» TASK REQUIREMENTS:
Print out every line of the material exactly. Include no pictures.

» DATA BELOW:
Segment Open

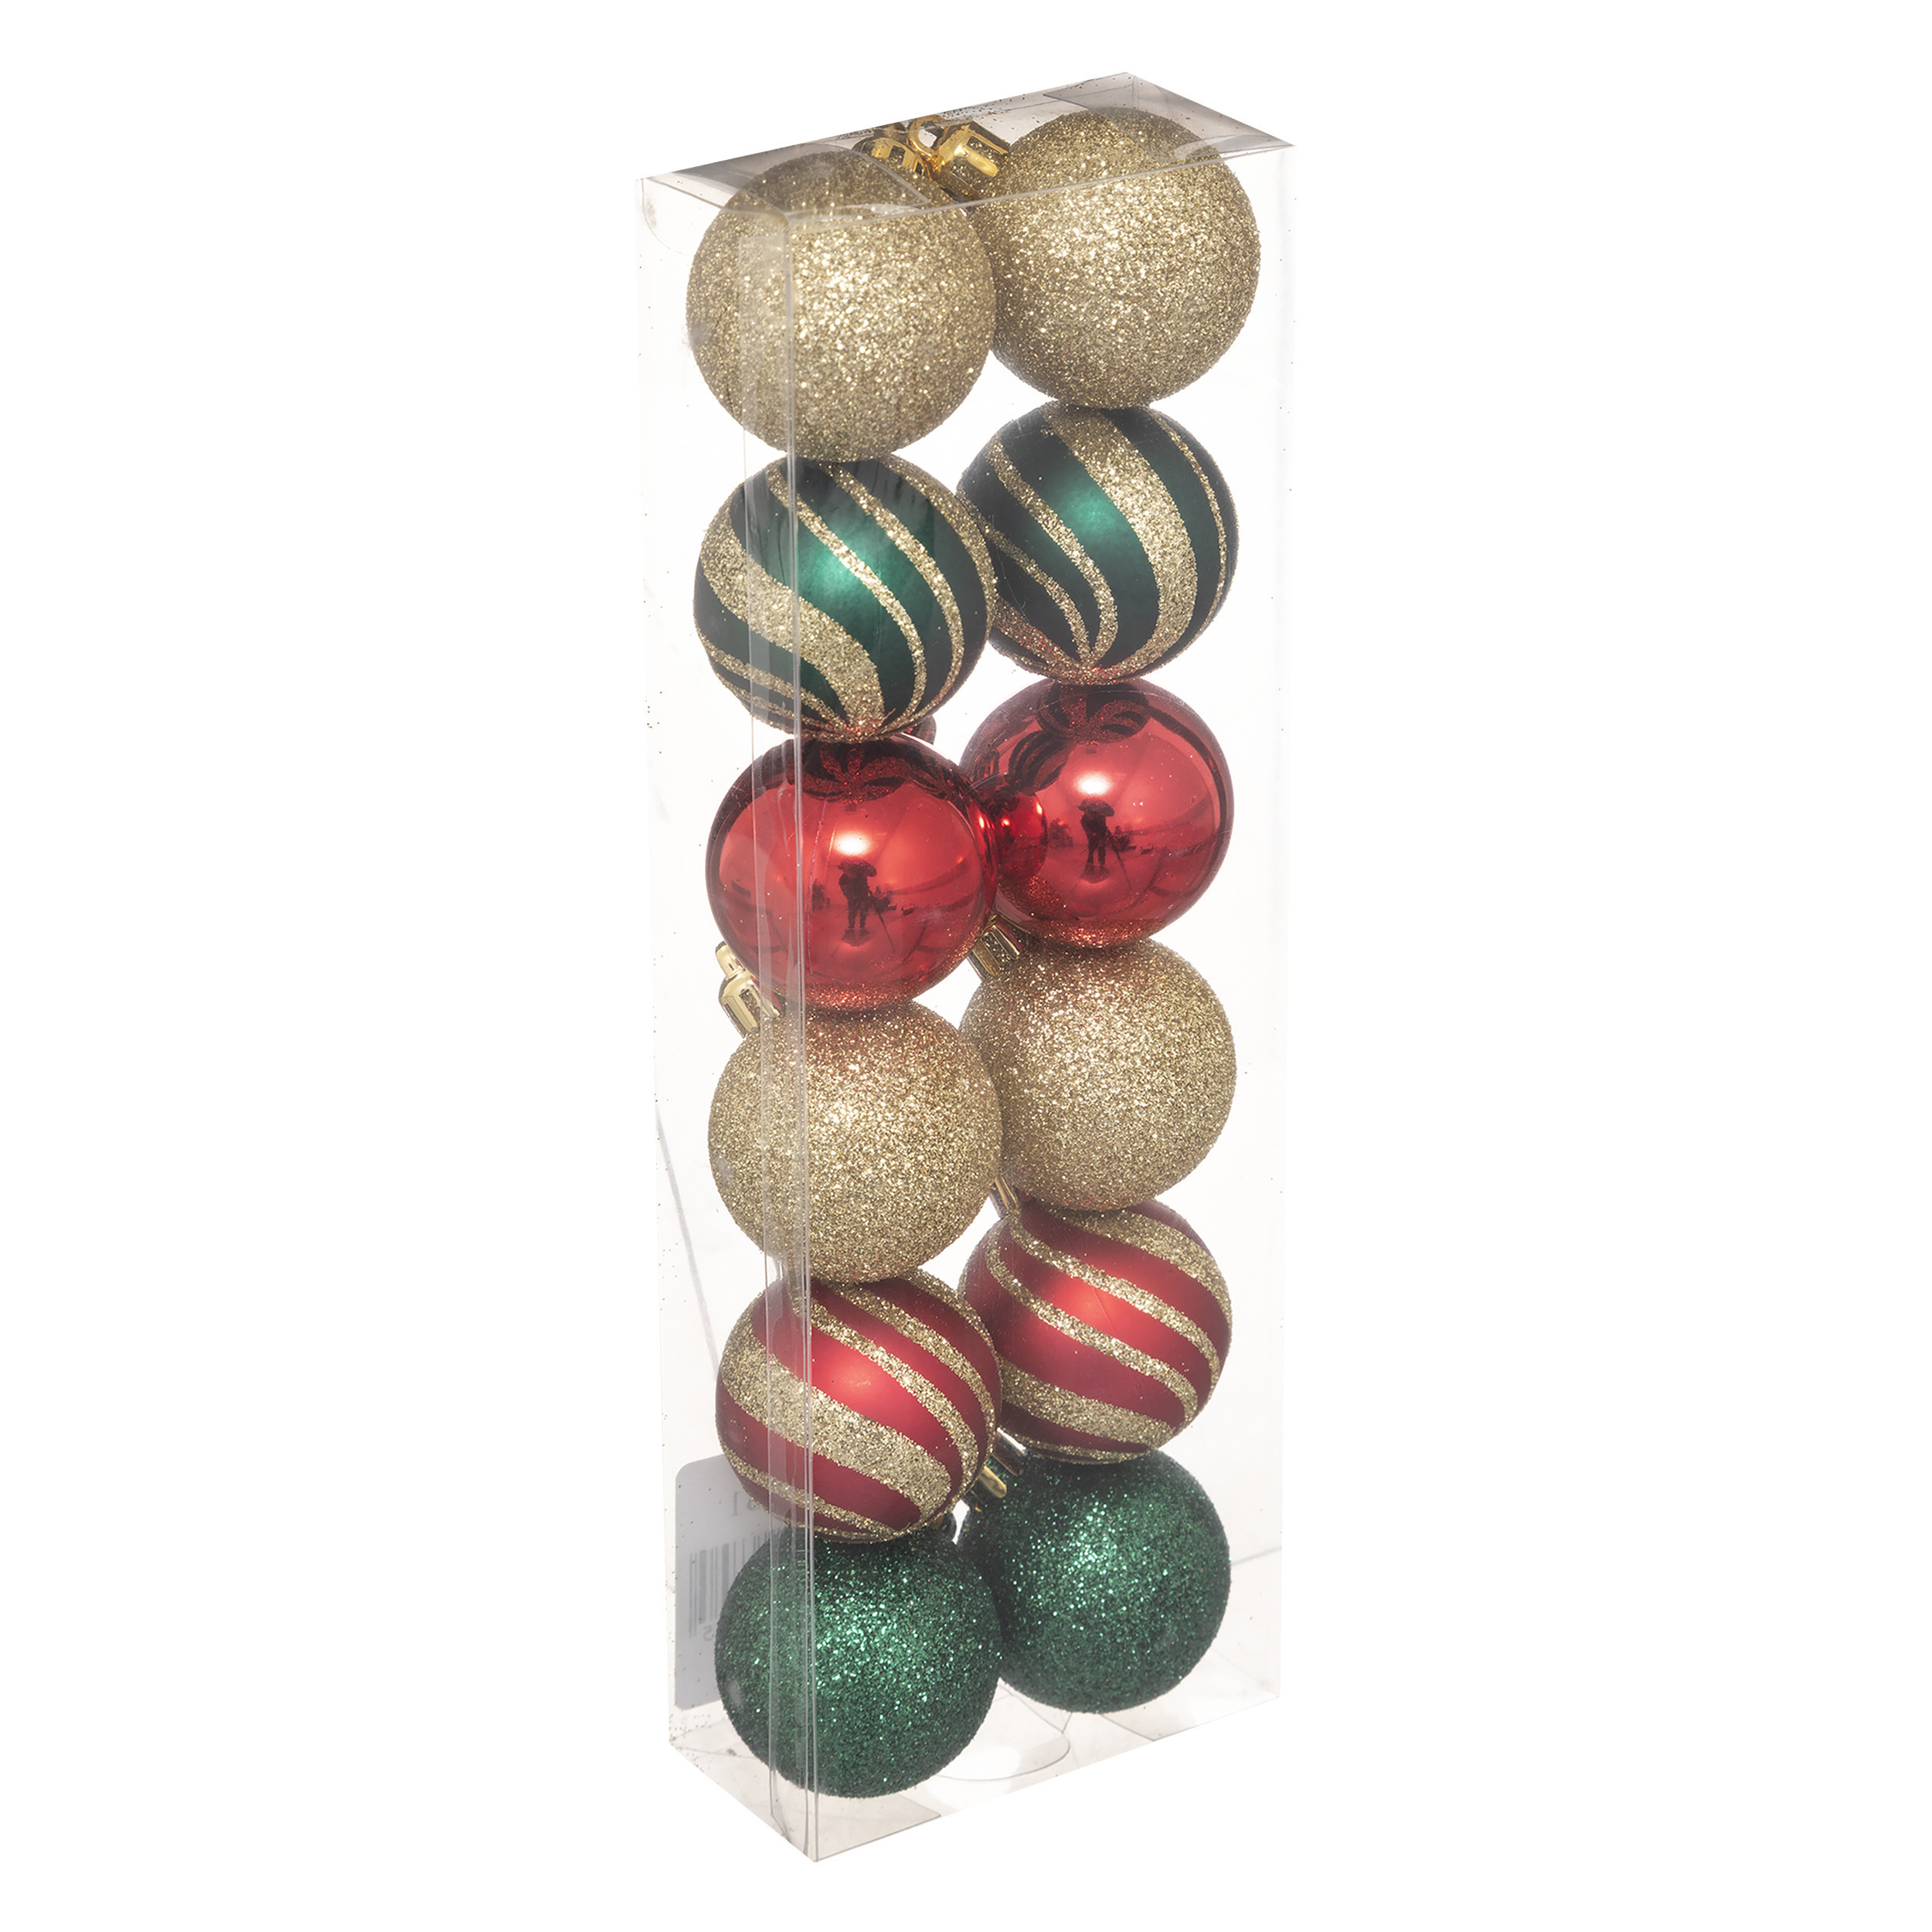 12x stuks kerstballen mix goud-rood-groen glans-mat-glitter kunststof 4 cm
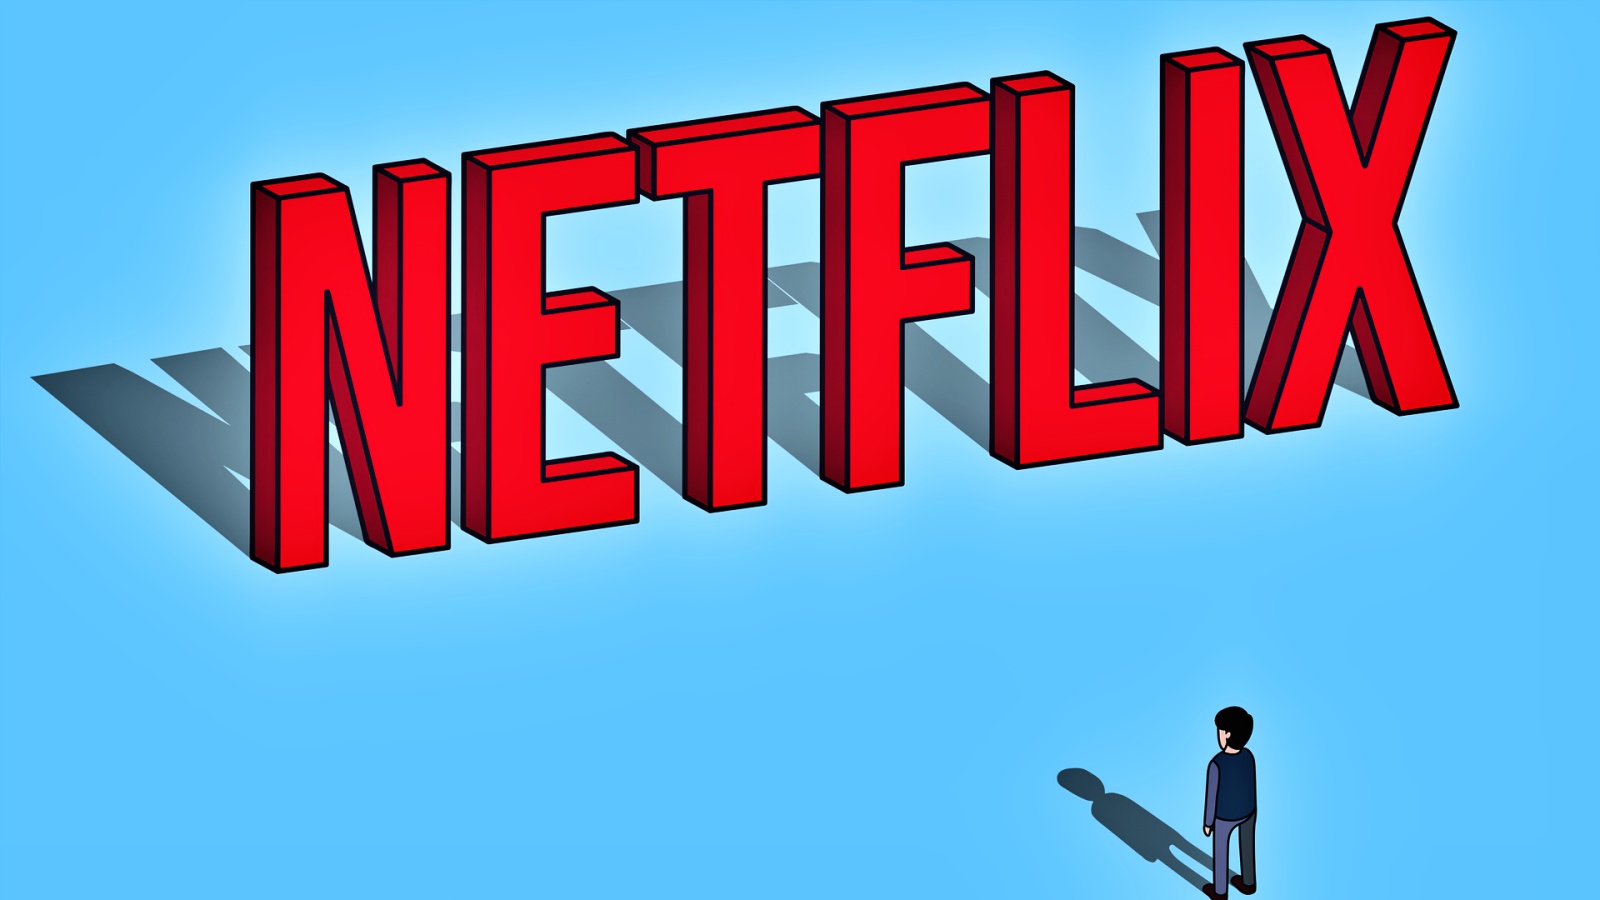 Le popolari serie Netflix hanno segnato grossi problemi di produzione
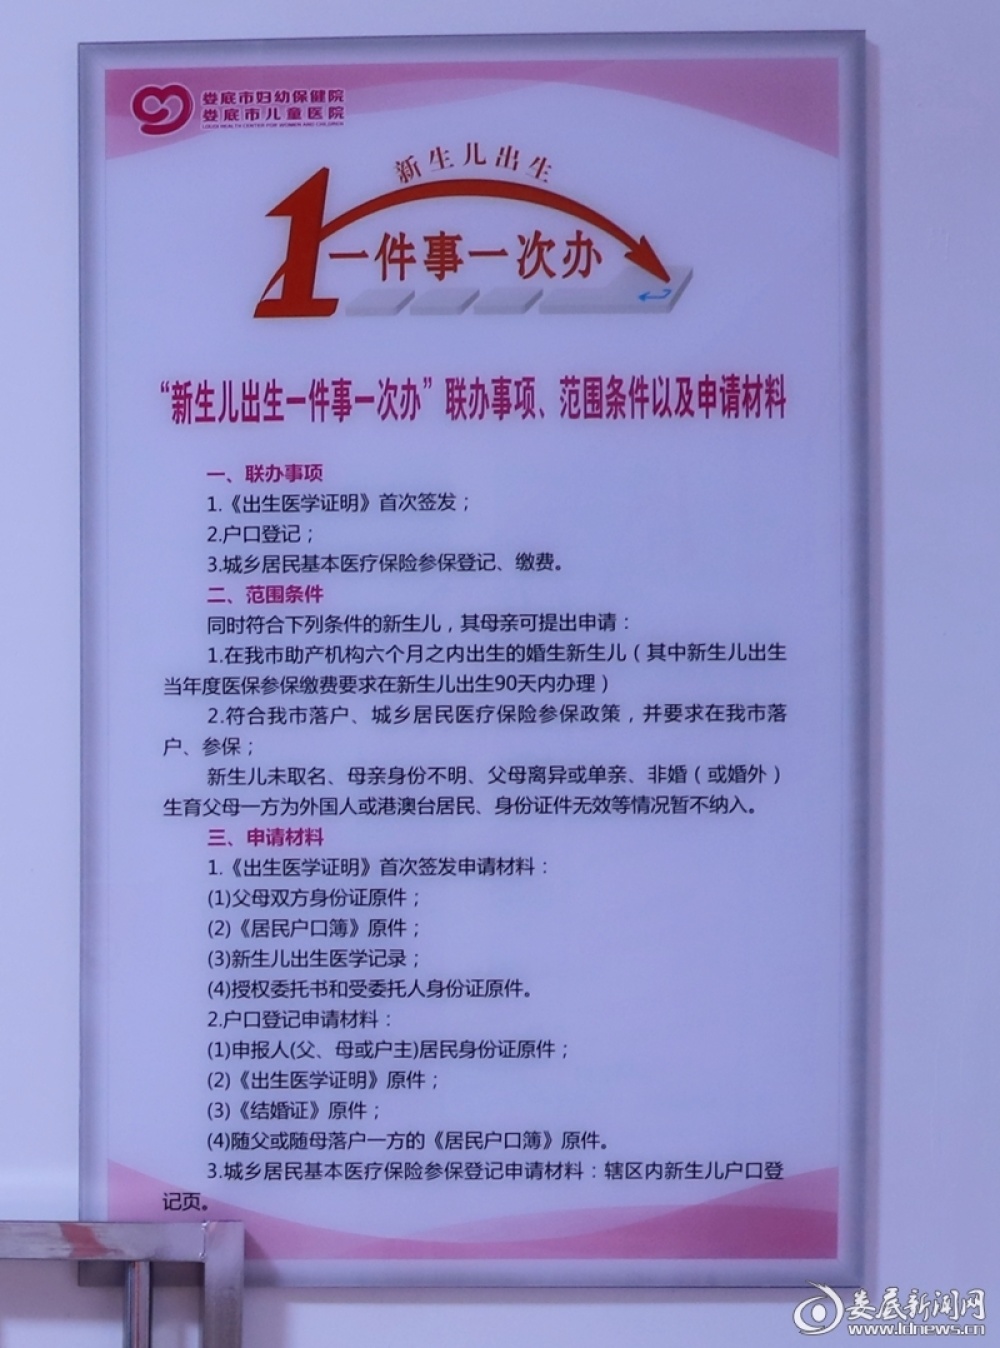 关于北京市海淀妇幼保健院专家跑腿代预约，在线客服为您解答的信息
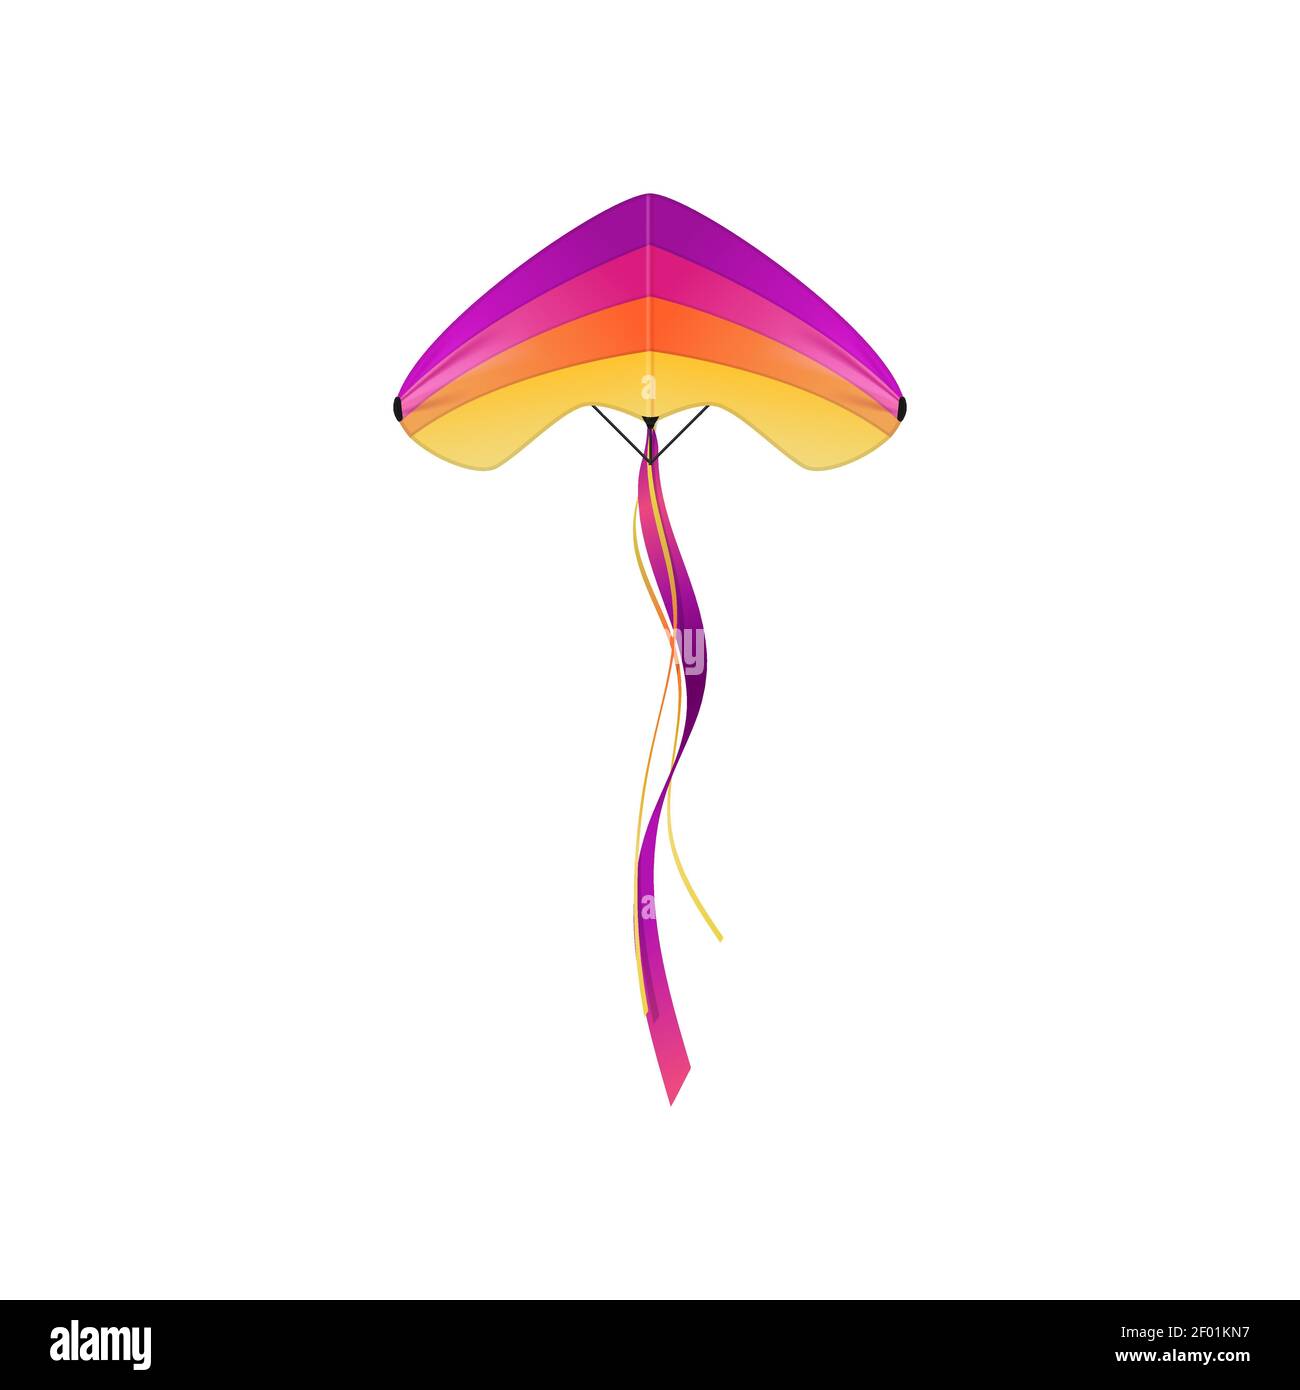 Regenbogen Drachen Kite Für Kinder Outdoor Spiele Sommer Geschenk Gift DE STOCK

Segment Closed

» TASK ANSWER:
 12x stuks kerstballen mix goud-rood-groen glans-mat-glitter kunststof 4 cm
 Le popolari serie Netflix hanno segnato grossi problemi di produzione
 关于北京市海淀妇幼保健院专家跑腿代预约，在线客服为您解答的信息
 Regenbogen Drachen Kite Für Kinder Outdoor Spiele Sommer Geschenk Gift DE STOCK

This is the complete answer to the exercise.